Dealing with asbestos in your workplace
I am a:
Employer - I own my workplace and have management or control
If your workplace has any asbestos-containing material and you have management or control over that material then you have responsibilities in regard to asbestos.
Employer – I am a tenant of a building which I use as my workplace
If you rent or lease your workplace you need to:
- Obtain the asbestos register from your commercial property owner/manager
- Find and identify asbestos so far as is reasonably practicable that is under your management or control (including in plant or equipment)
- Establish your own asbestos register
- Manage risks associated with having asbestos in your workplace
- Consider the guidance on removing asbestos.
If you are a tenant of a building which you use as your workplace you have certain responsibilities in regard to asbestos.
Ask those with management or control (property owner/manager) to provide a copy of their asbestos register. You can then use this to develop a register for your workplace (as an employer) and add any additional items that contain asbestos - for example, specific items of plant that you own.
If you require asbestos to be removed from the building it is likely that you will need to approach the property owner/manager (depending on the details of your lease). If the asbestos is to be removed from something that you brought into the workplace you will need to arrange removal through a licensed asbestos removalist.
You need to undertake risk management processes to ensure any activity in the workplace is not likely to disturb the asbestos. If it is likely that the asbestos will be disturbed then you need to take action to prevent this from happening.
When dealing with asbestos self-employed persons must eliminate, so far as reasonably practicable, the exposure of persons at the workplace to airborne asbestos fibres arising from the work they are undertaking.
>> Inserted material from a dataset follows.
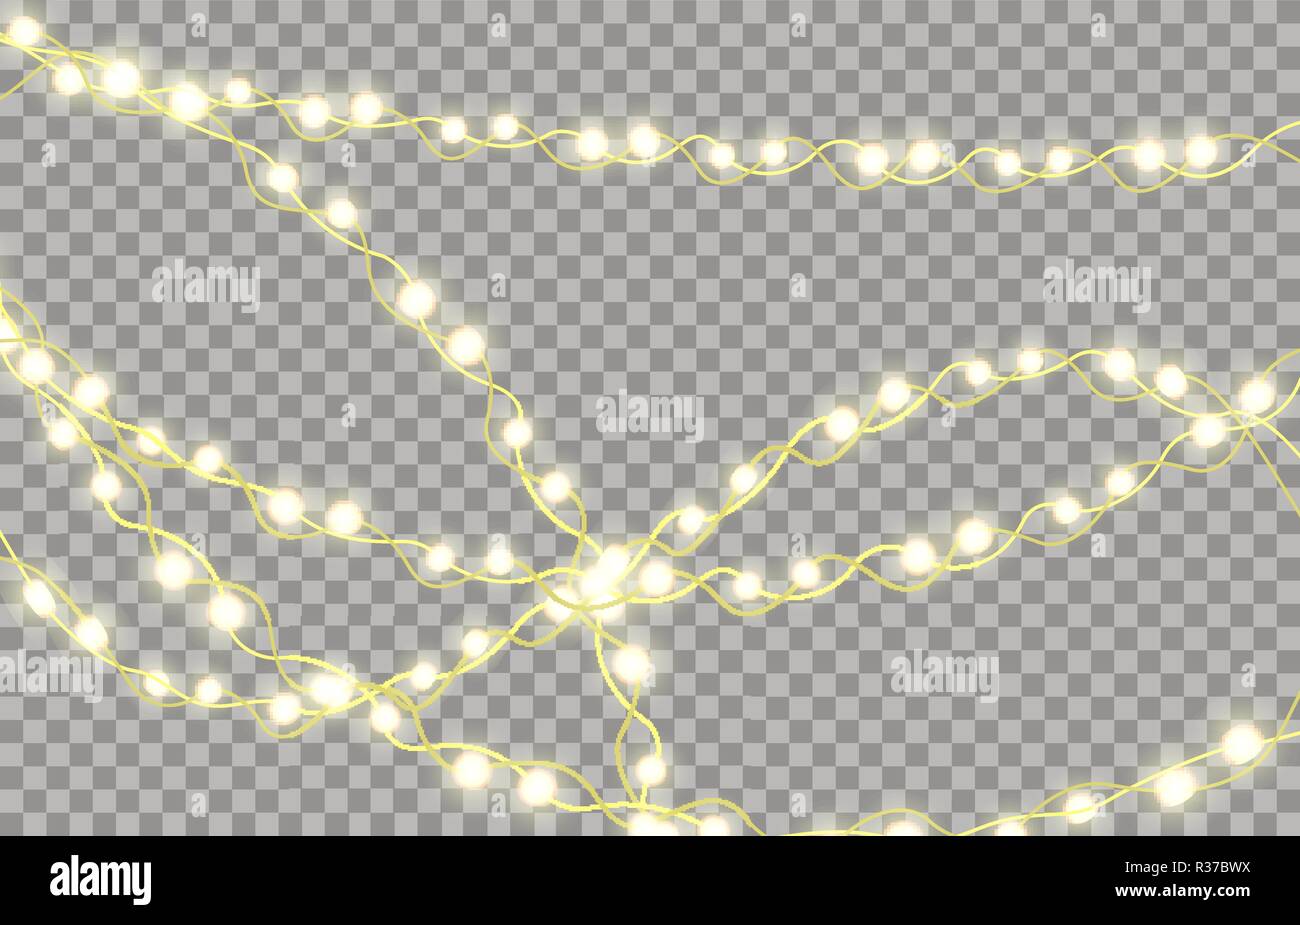 Colorida guirnalda resplandeciente para árboles de Navidad y Año Nuevo. Las luces decorativas LED carteles, vallas publicitarias sobre fondo transparente. Ilustración vectorial Ilustración del Vector

If it is not reasonably practicable to eliminate that exposure, you must ensure that you reduce the exposure so far as is reasonably practicable.
In general self-employed persons have similar duties to employers, for example, in relation to:
- Removal of asbestos from a workplace
- Removal of contaminated clothing
- Use of certain tools or instruments
- Disposal of asbestos waste
For further information on employer duties go to the Employer section.
For a self-employed person who is a builder or tradesperson, the Builders and Trades section has relevant information when working with asbestos in relation to domestic or commercial premises and specific to refurbishment or demolition work.
As an employer of a motor vehicle repair workshop, you may be exposing your employees to asbestos fibres from asbestos-containing components such as brake pads/shoes, gaskets and clutch plates.
Many vehicles produced before 2003 are likely to have asbestos containing components, and these parts can remain in the vehicle until replacement is required.
Prohibitions on the use of asbestos-containing products came into effect across Australia on 31 December 2003, and replacement brake pads, brake shoes and clutch plates fitted to vehicles in Victoria after this date must be asbestos free.
As an employer (including self-employed persons), if you need to work on vehicles that contain asbestos components, you must control exposure to airborne asbestos fibres by eliminating the risk so far as is reasonably practicable. If exposure to airborne asbestos fibres cannot be eliminated, you must reduce the exposure so far as is reasonable practicable.
For further information:
- This checklist to help you safely find, manage and dispose of asbestos from motor vehicle components
- Asbestos in the workplace (including plant or equipment)
Commercial property owner
If you are a commercial property owner who leases or rents, for example, a building or part of a building to a business or businesses, then you may have obligations under the Occupational Health and Safety Act 2004 and the Occupational Health and Safety Regulations 2007 to the extent of your management or control.
A commercial property leased or rented to businesses (i.e. employers) is regarded as a workplace under Victoria’s health and safety laws.